Different though the services are, Bytedance’s use of artificial intelligence to create tailored offerings for each viewer on Douyin—and on Toutiao, a newsfeed—is winning attention. According to QuestMobile, a data vendor, in early 2017 users began to spend more time on Toutiao, Douyin and two other Bytedance video apps, Xigua and Huoshan, than they did on Tencent’s news and video offerings.

In the first quarter of this year Tik Tok, an international version of Douyin that launched in late 2017, became the world’s most downloaded iPhone app, excluding games (see chart)—a rare feat for a Chinese social app. It has done well in Indonesia and Thailand. At home it led app-store rankings from January to May. It claims to have a user base of 300m in China, more than Kuaishou, another short-video app in which Tencent has a stake. Its appeal has prompted Communist Party outfits to set up accounts, and, on one occasion, state censors to place restrictions on it.

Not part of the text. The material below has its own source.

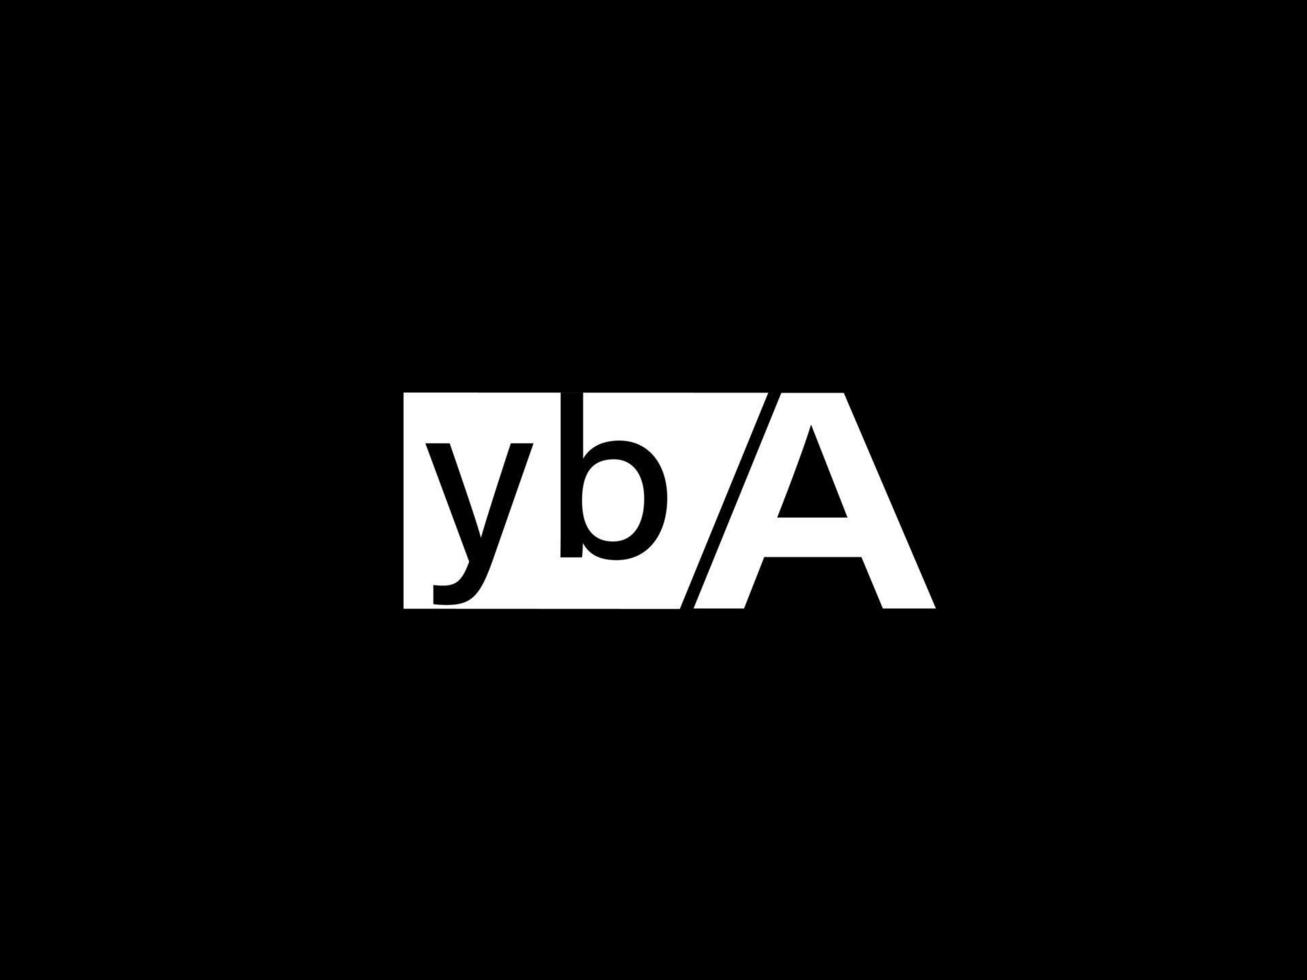 yba-Logo und Grafikdesign Vektorgrafiken, Symbole isoliert auf schwarzem Hintergrund vektor

All of which has provoked Tencent into providing a “defensive product”, notes Xue Yu of IDC China, a consultancy. In April Tencent resuscitated its short-video app, Weishi, a year after closing it. Its angst may stem from the fact that every firm wants “a top-of-mind app”, says Anu Hariharan of Y Combinator, a Silicon Valley startup school, and a personal investor in Toutiao.

WeChat has hardly lost its oomph. A state agency recently reported that WeChat made up 34% of China’s total mobile-data traffic in 2017. To advertise, Douyin still relies on users sharing its videos on WeChat’s public feeds (hence its ire over the blocked videos). Still, the share of time spent by Chinese mobile users on messaging slipped from 37% to 32% in the year to March, says QuestMobile, while that spent on watching short-form video has risen from 1.5% to over 7%. Meanwhile, Douyin has introduced its own private-messaging function, further challenging WeChat.

In May an essay put out on WeChat by a former tech journalist lit up social media. In “Tencent Doesn’t Have a Dream” he argued that the firm had become chiefly an investment firm buying up other startups and had lost its innovative edge. One bit of evidence was that by the time Tencent had registered Douyin’s rise, its window for a counter-attack had all but closed. The naysayer claimed his treatise drew 1m views. Still, his readers all came to WeChat.